======== DATASET CONTENT ========

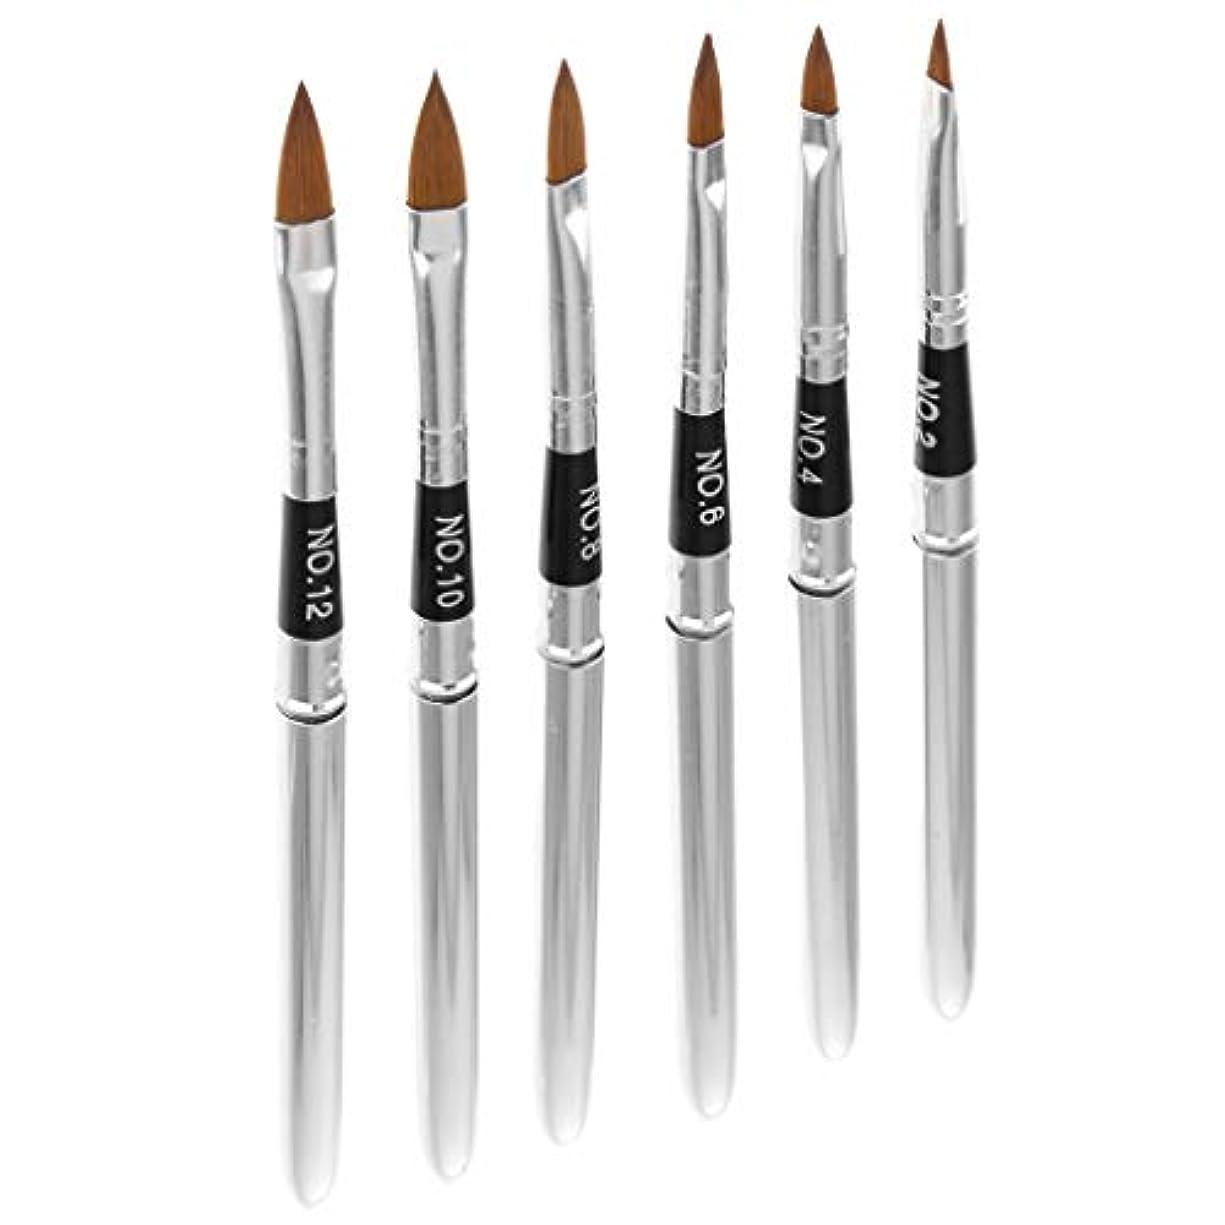 振るう代理人広告DYNWAVE ネイルアートペン ペンブラシ ネイルブラシ 3D 絵画ペン ネイルデザイン ツール 6個入り
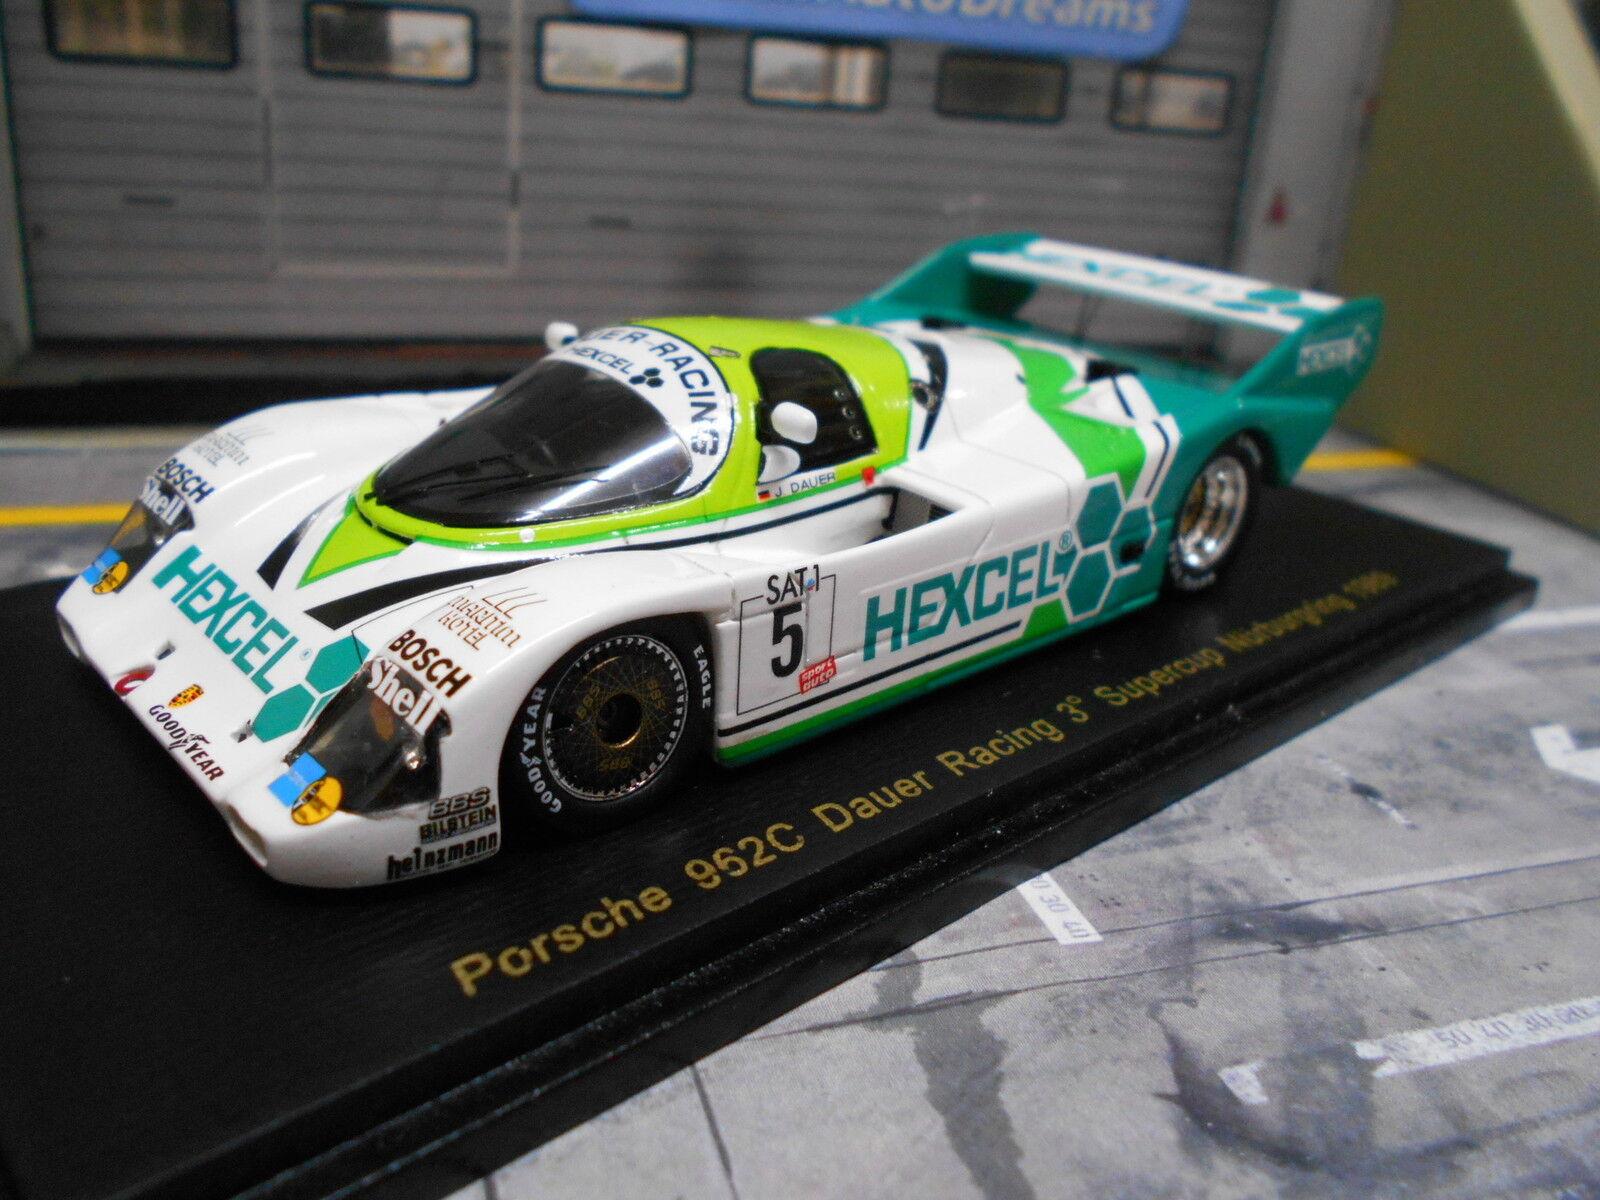 Porsche 962c 962 C durée racing Nurburgring 1989 Hexcel limit 1 300 spark 1 43
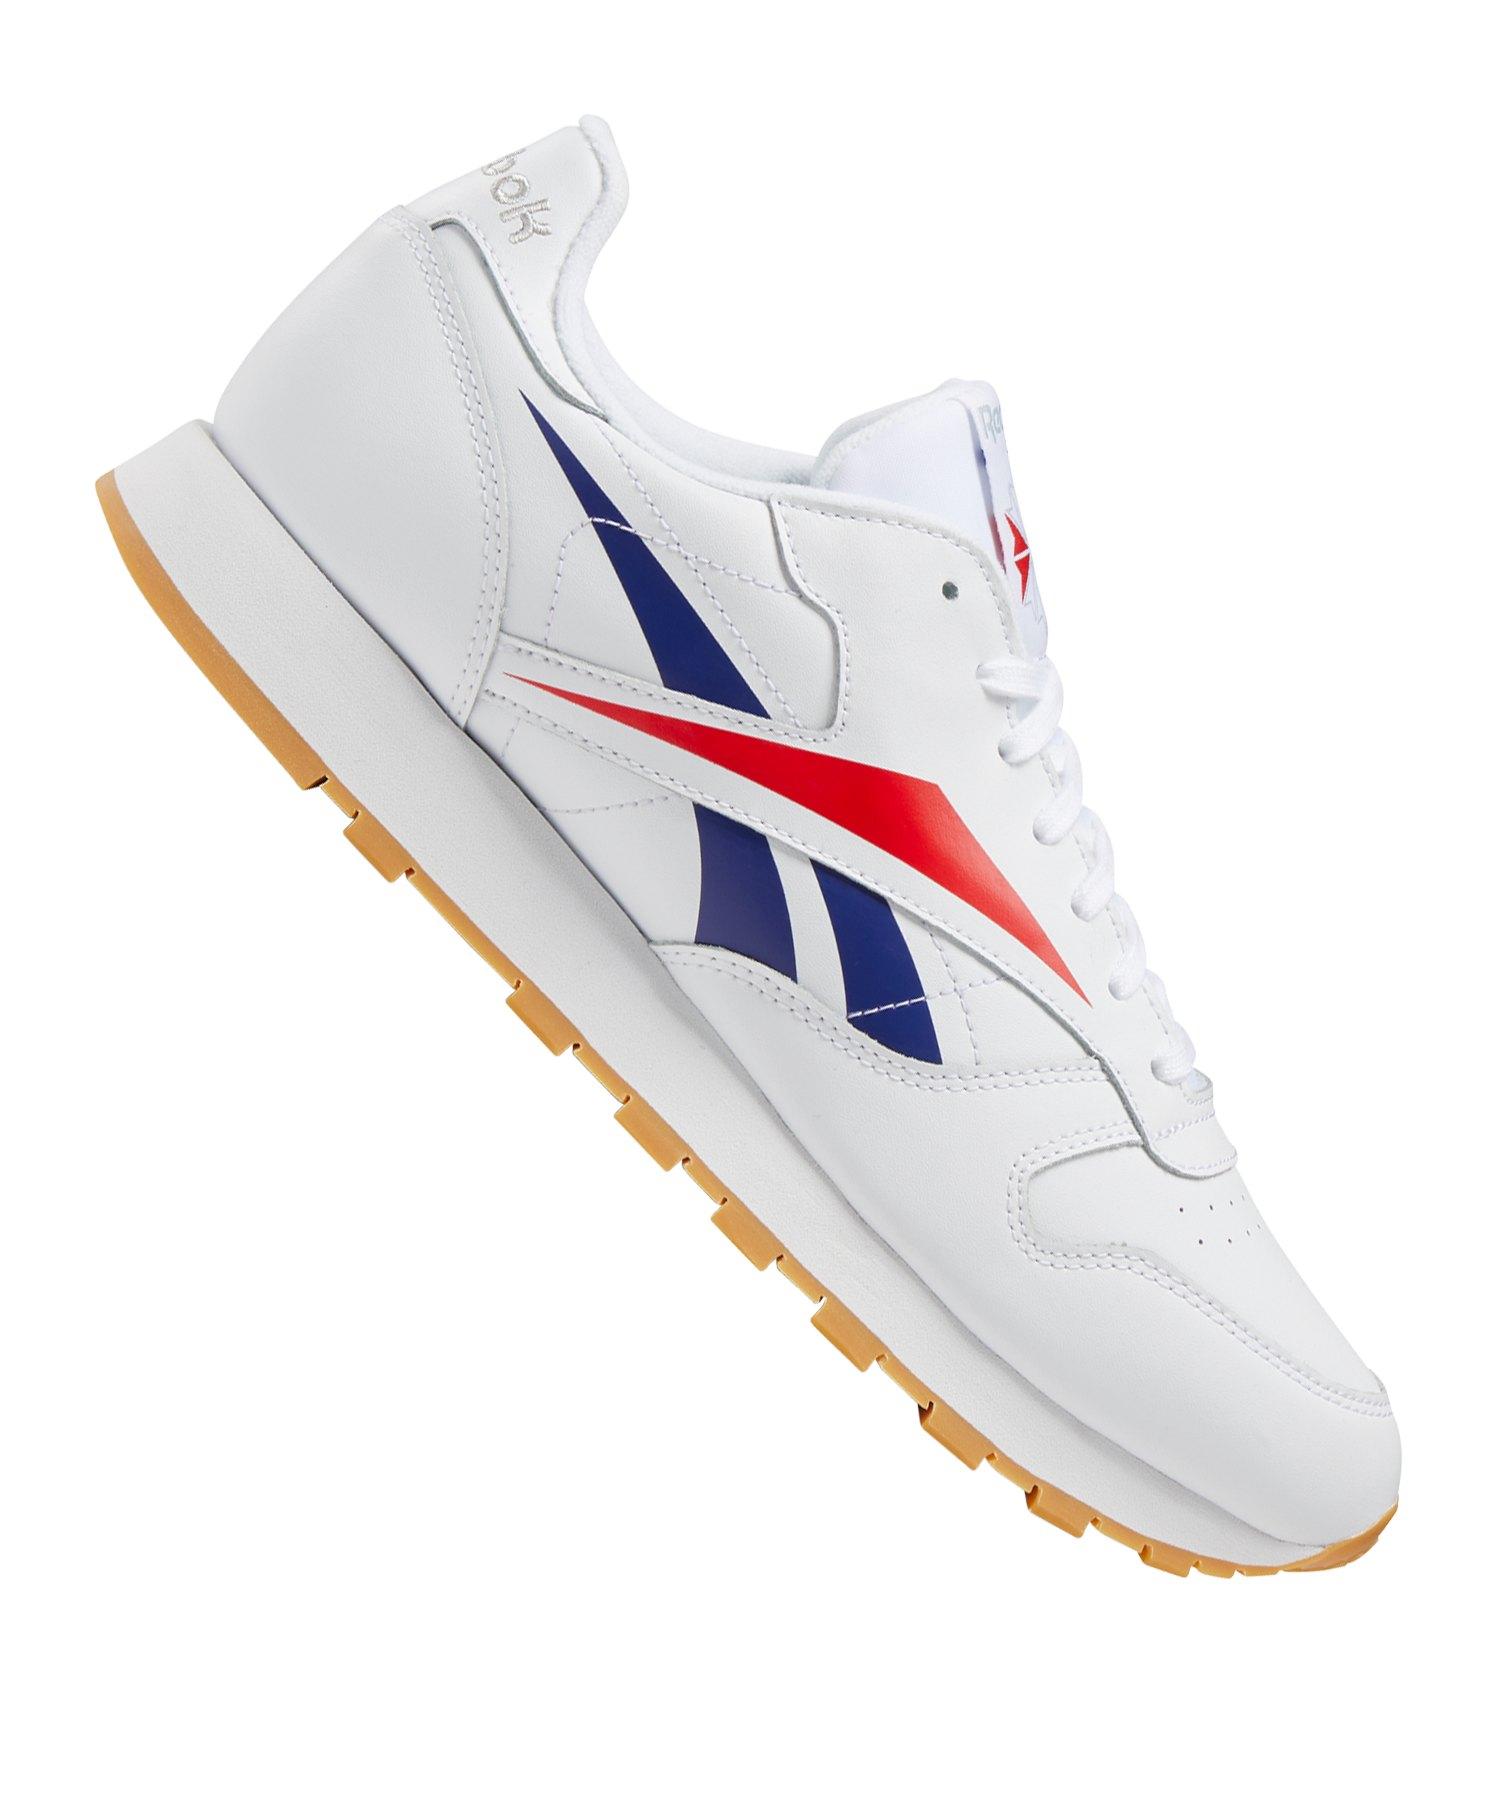 on sale 2cb27 1f095 Reebok Classic Leather MU Sneaker Weiss
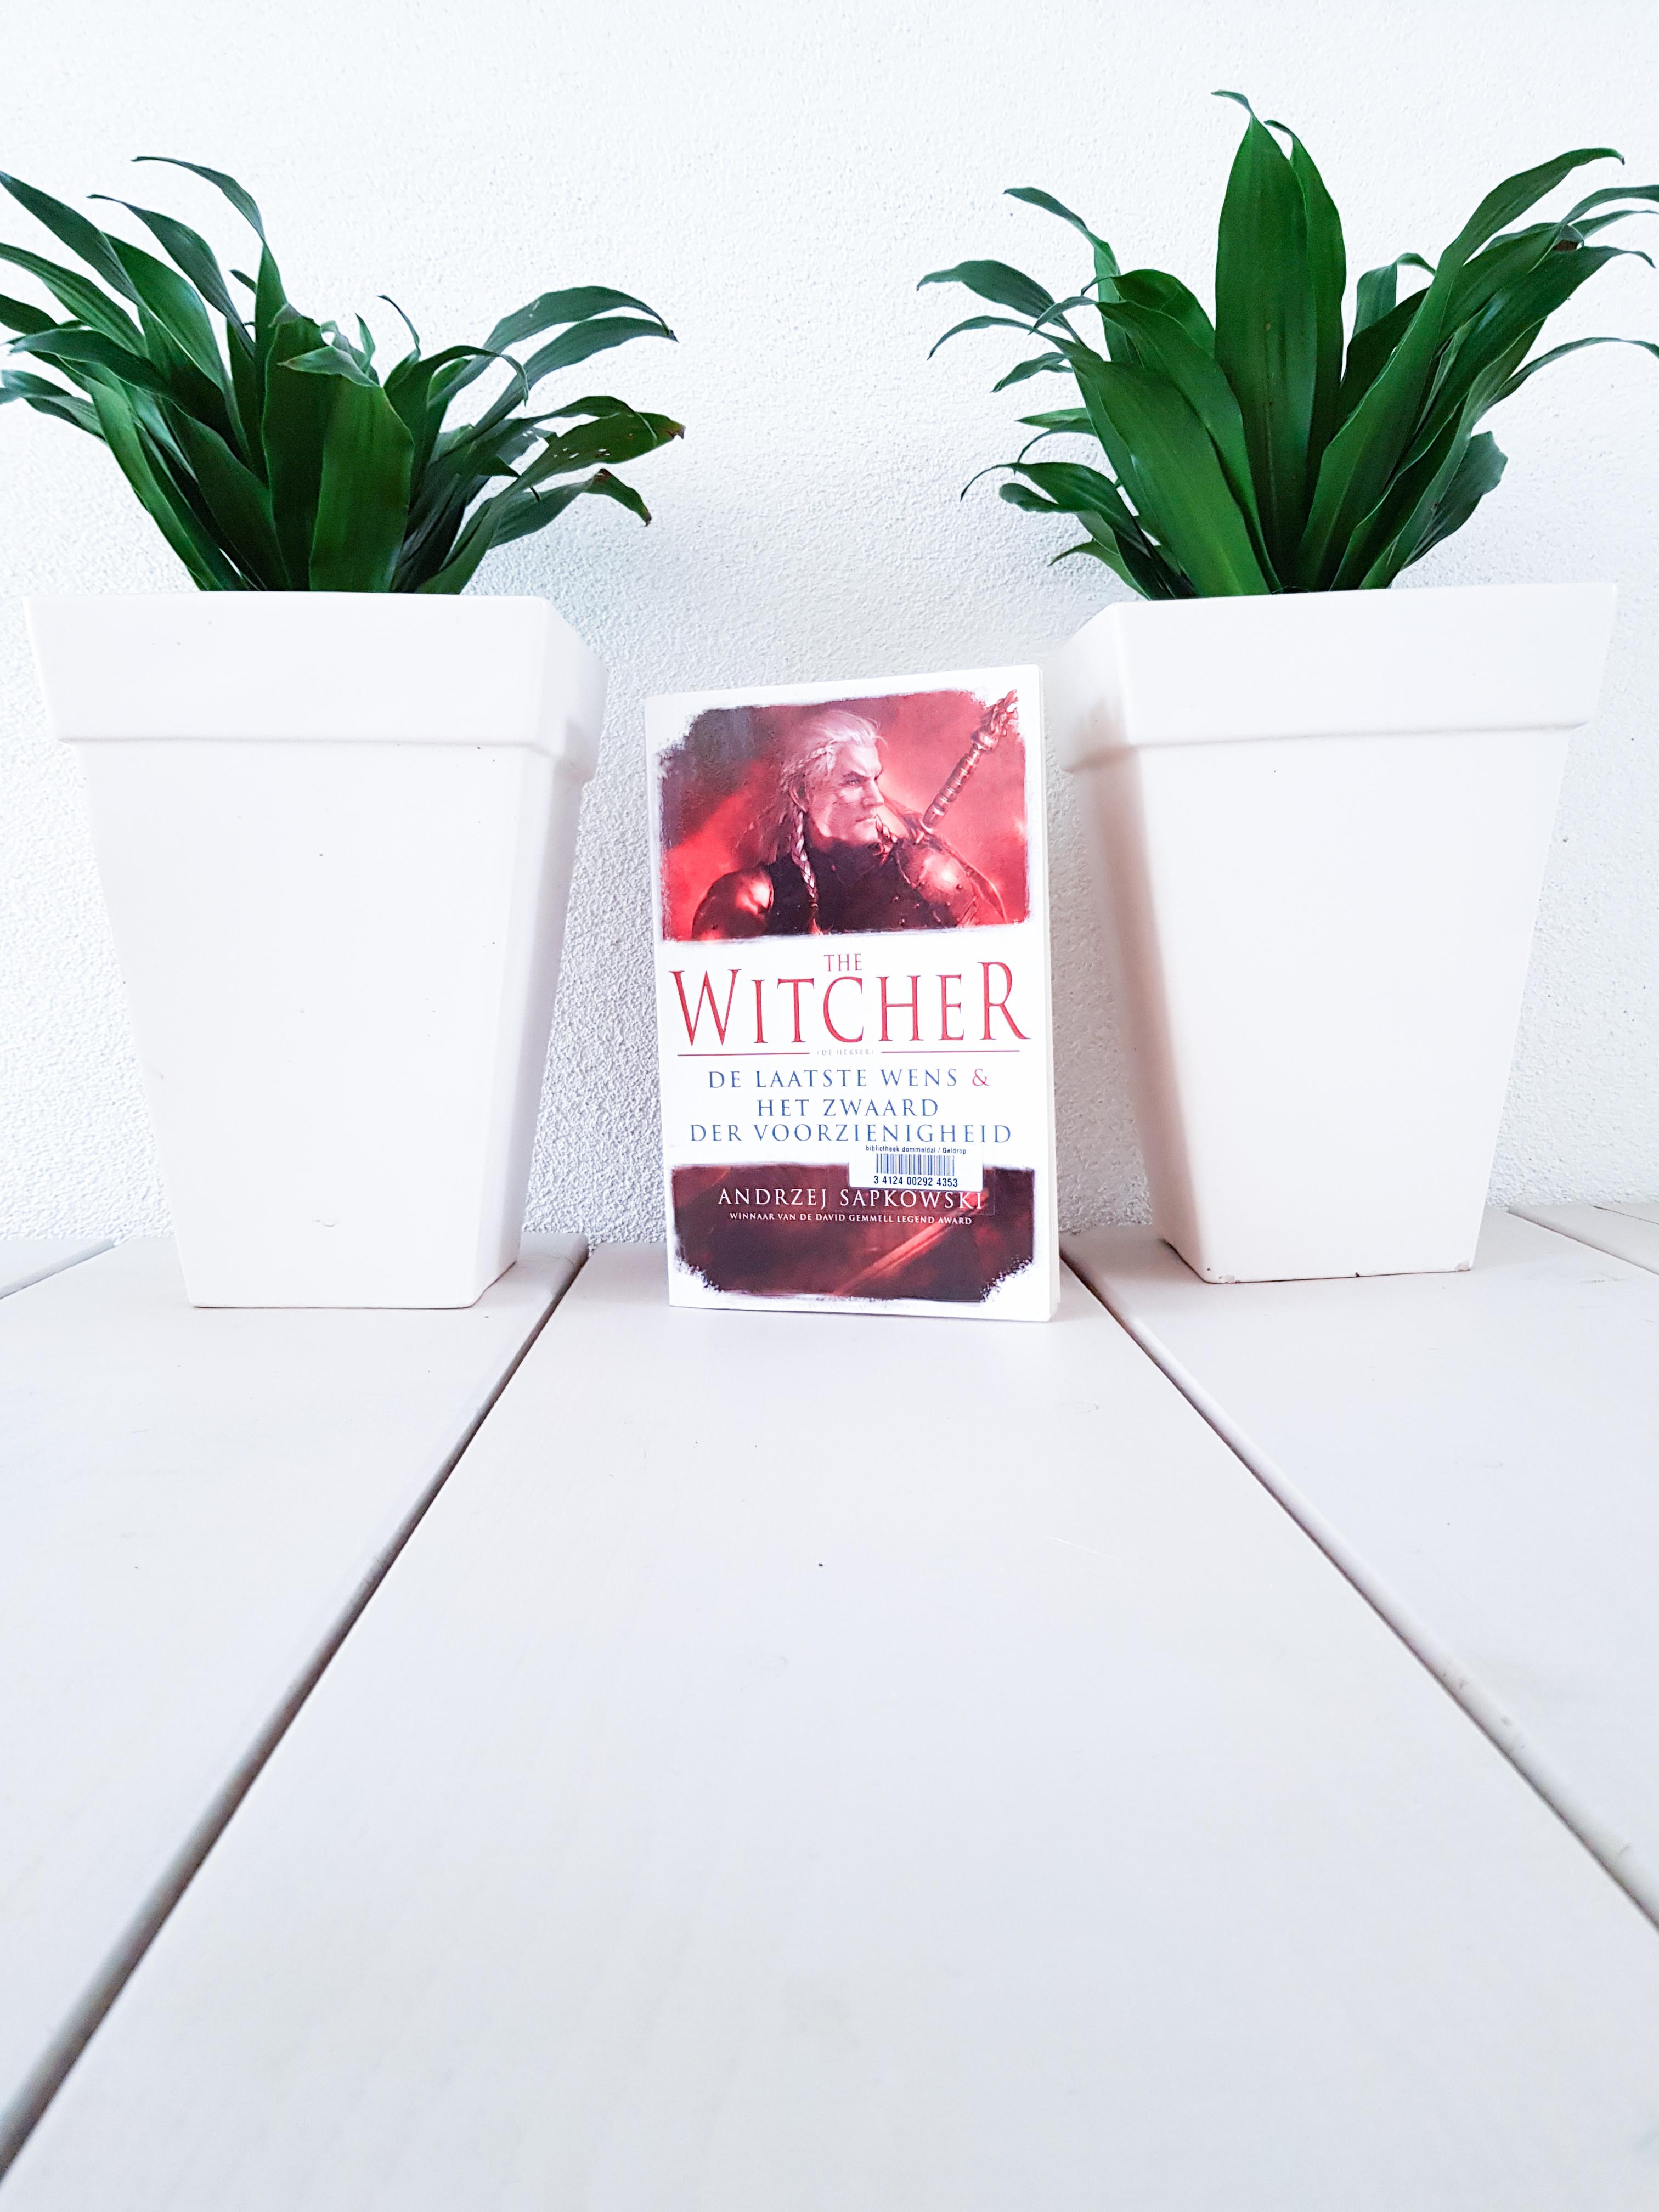 De Hekser aka The Witcher

========

▶ **EXERCISE GOAL**
Reproduce the whole listing verbatim. Pictures stay out of the copy.

▶ **OUTPUT FOR THIS TASK**
 振るう代理人広告DYNWAVE ネイルアートペン ペンブラシ ネイルブラシ 3D 絵画ペン ネイルデザイン ツール 6個入り
 Porsche 962c 962 C durée racing Nurburgring 1989 Hexcel limit 1 300 spark 1 43
 on sale 2cb27 1f095 Reebok Classic Leather MU Sneaker Weiss
 De Hekser aka The Witcher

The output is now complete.